Some 81% said the cost of living increases are a key concern, up from 62% just three months ago and 53% in October 2021.

The data was revealed in Permanent TSB's Reflecting Ireland research, which highlighted the rise in consumer pessimism.

More than half (53%) of respondents feel they are less well off than they were a year ago, an increase from the 32% in January.

Four in 10 (43%) feel they will be less well off in a year’s time, up from 22% when asked three months ago. The last time pessimism about the future was this high was in 2013 when it reached 45%. Only 24% of people feel they will be better off in a year’s time.

Making ends meet is another concern, with 61% describing themselves as “just getting by” financially. 43% of respondents don’t have money left over at the end of the month and 47% don’t feel they could handle a major unexpected expense.

"The rising cost of living is having a deep impact on how we are feeling and behaving. Optimism is fading and anxiety is on the rise, which is a concern," said Claire Cogan, a behaviour scientist and founder of the consultancy Behaviour Wise.

"There is evidence that people are adapting their behaviour to meet the challenges, but there is also evidence that many feel in a financially precarious position. It will be increasingly important over the coming months to build our financial resilience, as upward pressure on the cost of living shows no sign of abating."

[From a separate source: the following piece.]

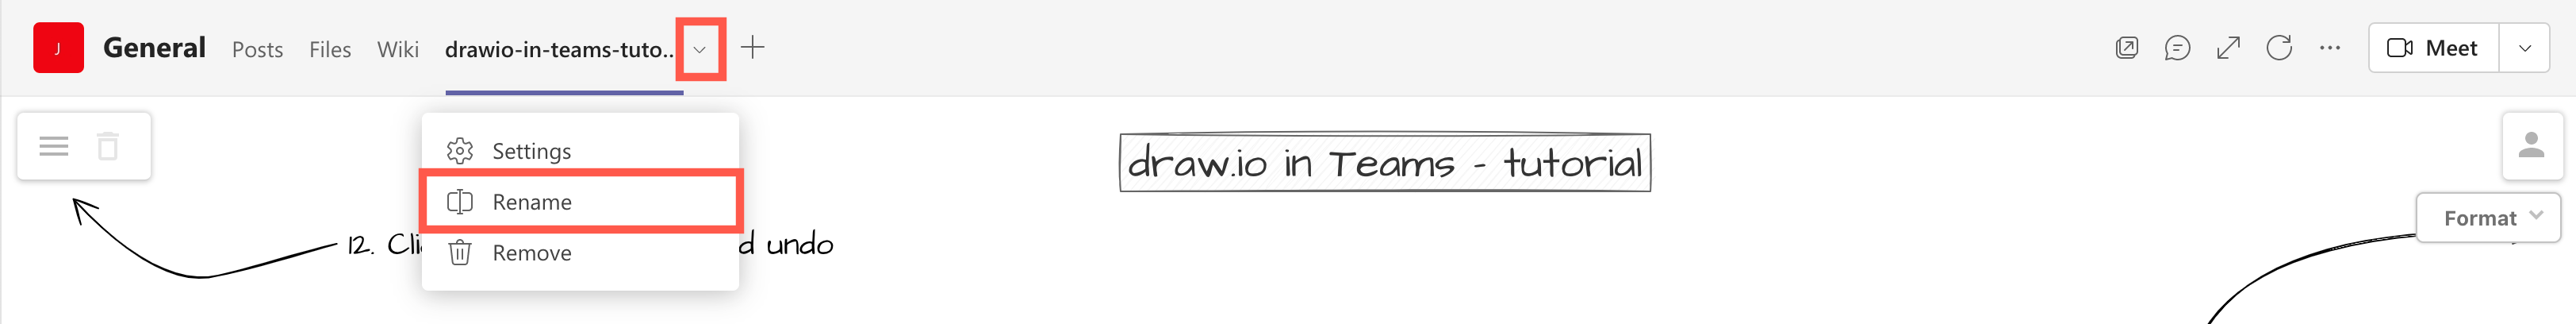 draw.io in Teams: Rename a diagram tab in Teams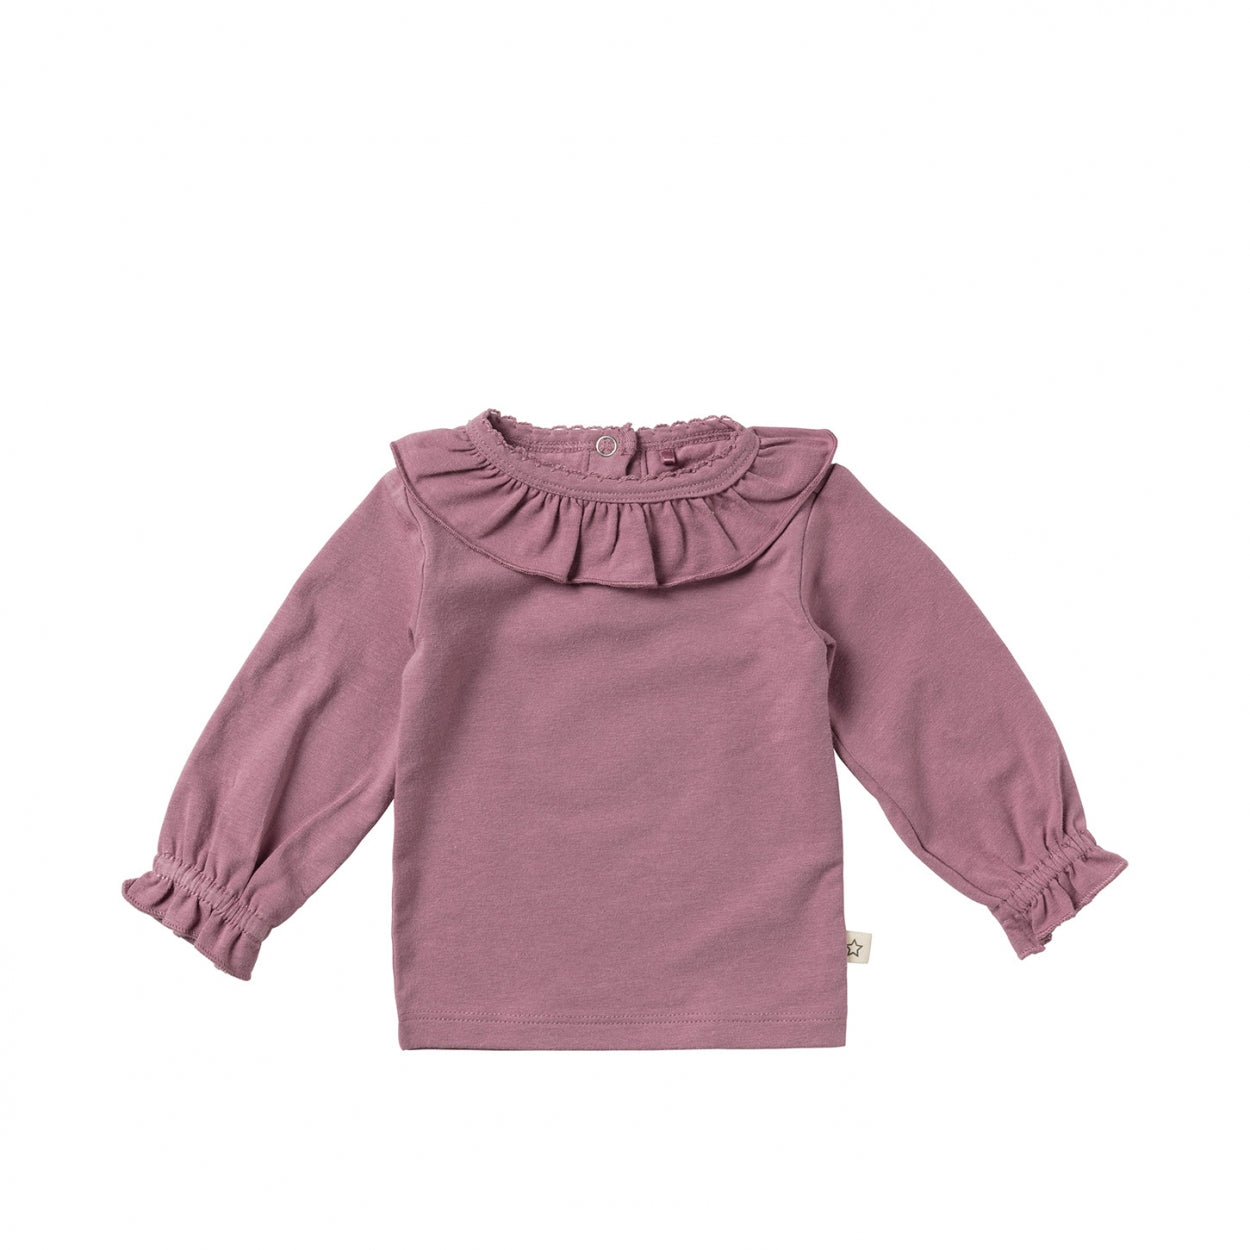 Meisjes Longsleeve collar Solid | Nyna van Your Wishes Newborn in de kleur Lavender in maat 68.

Leontia Fannin, head of corporate affairs at Permanent TSB, added: "The cost-of-living issue is likely to dominate the thoughts of Irish consumers through the rest of this year and beyond and it is likely to have significant implications for businesses across the board."

Meanwhile, 55% of people said they plan to switch power or gas provider, up from 49% last year, while 47% plan to switch car insurer, up from 38%.

With Ulster Bank and KBC exiting the market shortly, the survey found the number of people considering switching their current account has doubled over the past year — from 12% last year to 23% this year.